The new performance-enhancing Mesa patch is by Kenneth Graunke and entitled i965: Implement CopyTexSubImage2D via BLORP (and use it by default).
CopyTexSubImage2D is now implemented via the BLORP rather than the BLT engine to work around limitations of the latter not being able to blit X-tiled buffers and between buffers of different tiling modes.
In terms of what this patch means for end-users of Intel hardware on Linux, the PlaneShift MMORPG game is much faster. Up to now the game has just run at around one frame per second on Intel hardware while chewing up nearly the entire CPU due to its use of Y-tiled depth buffers with CopyTexSubImage2D. This is a common issue to massively multi-player games.

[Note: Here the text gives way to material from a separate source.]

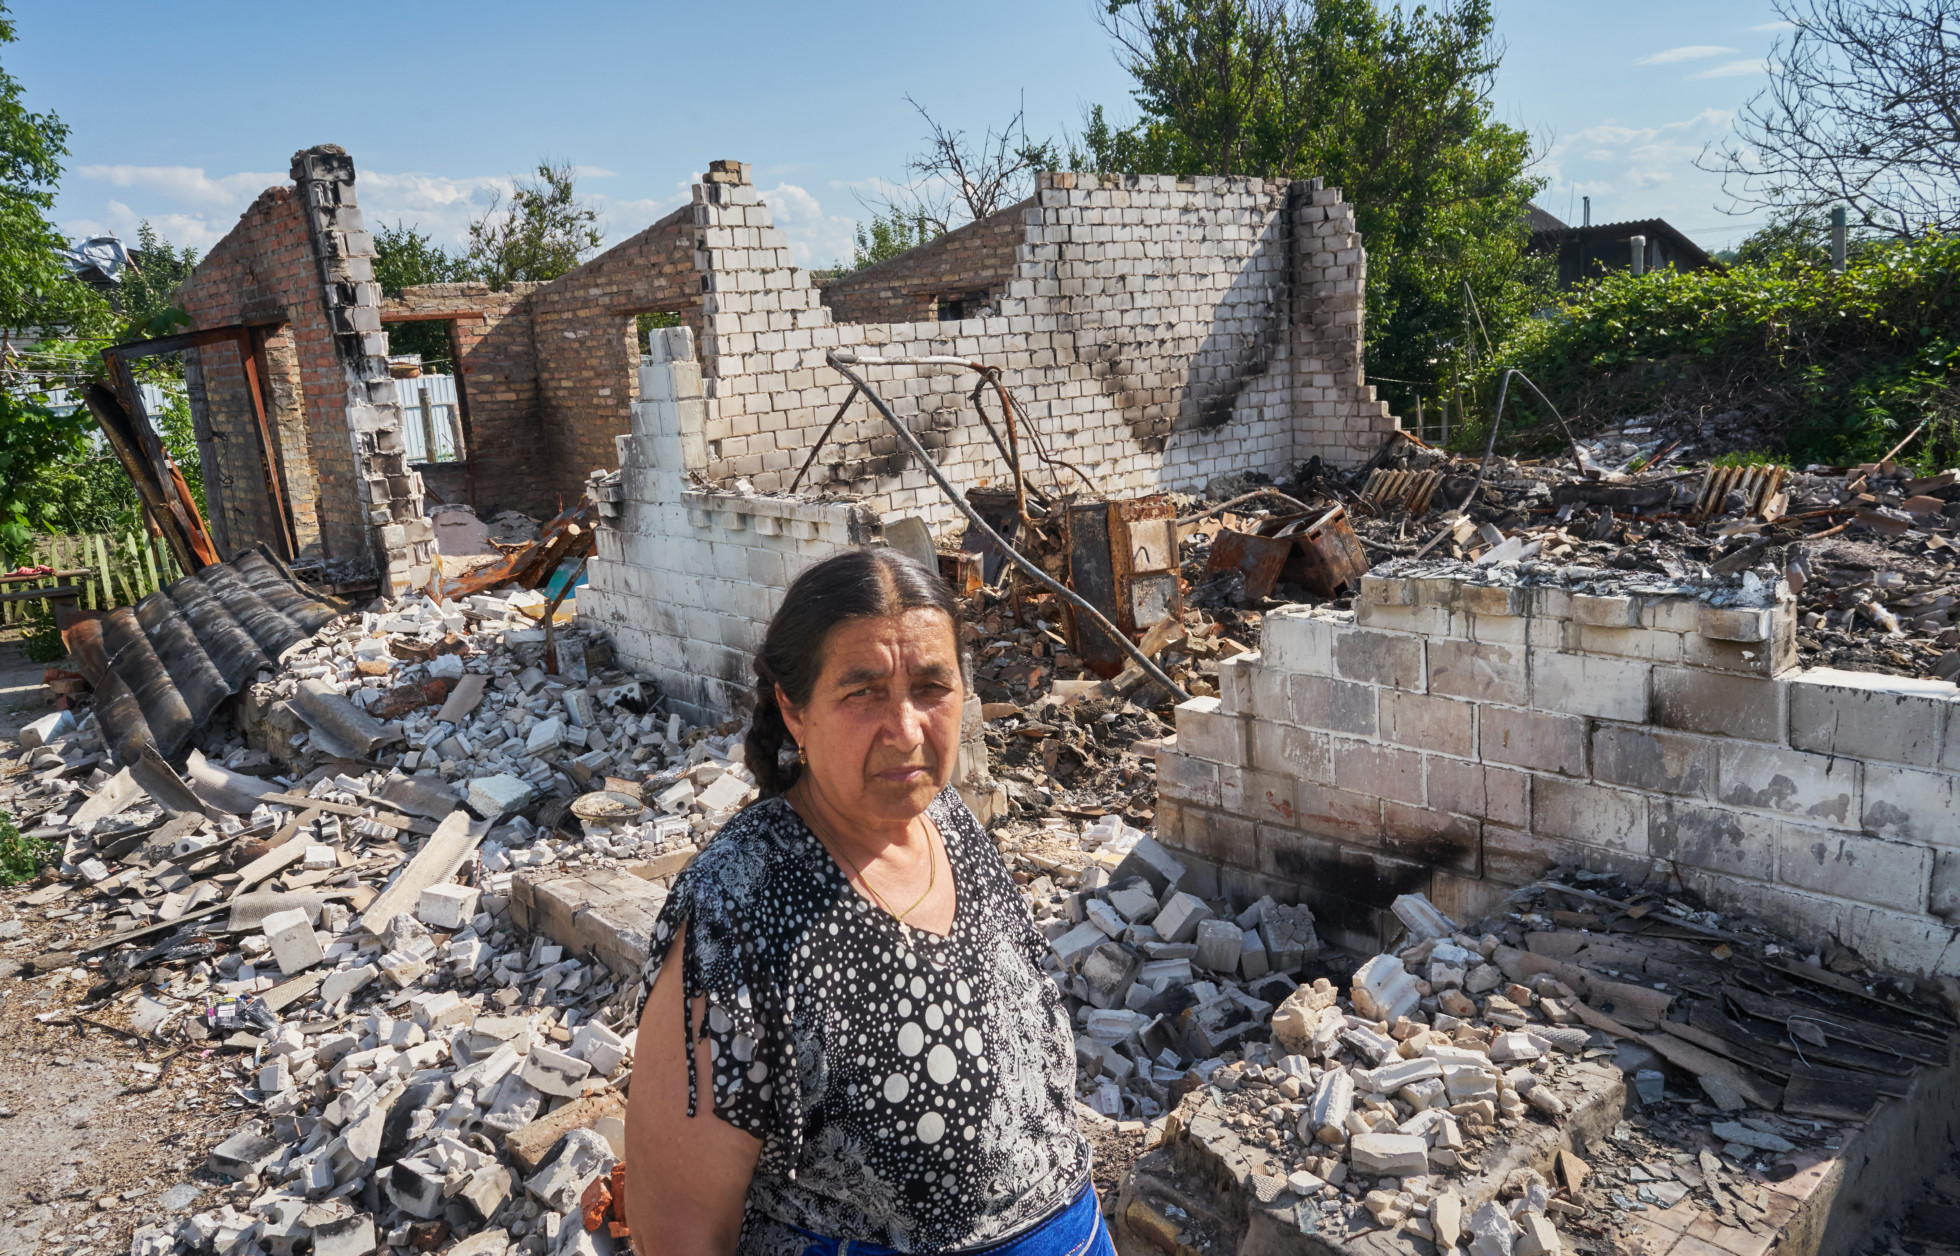 Nastasia Balanova: " I left on the fifth of March, on the sixth of March neighbours called us that our house had burned down. They sent us a video. I arrived back at the end of April. For now I live with my neighbour. In this house my son lived and my grandchild. My son lives in a barn. No one gave us anything, many came to tell us we helped. But nobody helps us yet. If they give at least brics.

Additionally, the Xonotic first person shooter with 4x MSAA anti-aliasing is now measured to be about 6.35% faster as a result of this single Mesa patch.
The patch, which adds just over 100 lines of new code to the Mesa i965 DRI driver, can be found currently on the mailing list until it reaches mainline Mesa hopefully in time for next month's Mesa 9.1 release.
The BLT engine has many limitations. Currently, it can only blit X-tiled buffers (since we don't have a kernel API to whack the BLT tiling mode register), which means all depth/stencil operations get punted to meta code, which can be very CPU-intensive.
Even if we used the BLT engine, it can't blit between buffers with different tiling modes, such as an X-tiled non-MSAA ARGB8888 texture and a Y-tiled CMS ARGB8888 renderbuffer. This is a fundamental limitation, and the only way around that is to use BLORP.
Previously, BLORP only handled BlitFramebuffer. This patch adds an additional frontend for doing CopyTexSubImage. It also makes it the default. This is partly to increase testing and avoid hiding bugs, and partly because the BLORP path can already handle more cases. With trivial extensions, it should be able to handle everything the BLT can.
This helps PlaneShift massively, which tries to CopyTexSubImage2D between depth buffers whenever a player casts a spell. Since these are Y-tiled, we hit meta and software ReadPixels paths, eating 99% CPU while delivering ~1 FPS. This is particularly bad in an MMO setting because people cast spells all the time.
It also helps Xonotic in 4X MSAA mode. At default power management settings, I measured a 6.35138% +/- 0.672548% performance boost (n=5).
No Piglit regressions on Ivybridge. I have not tested Sandybridge.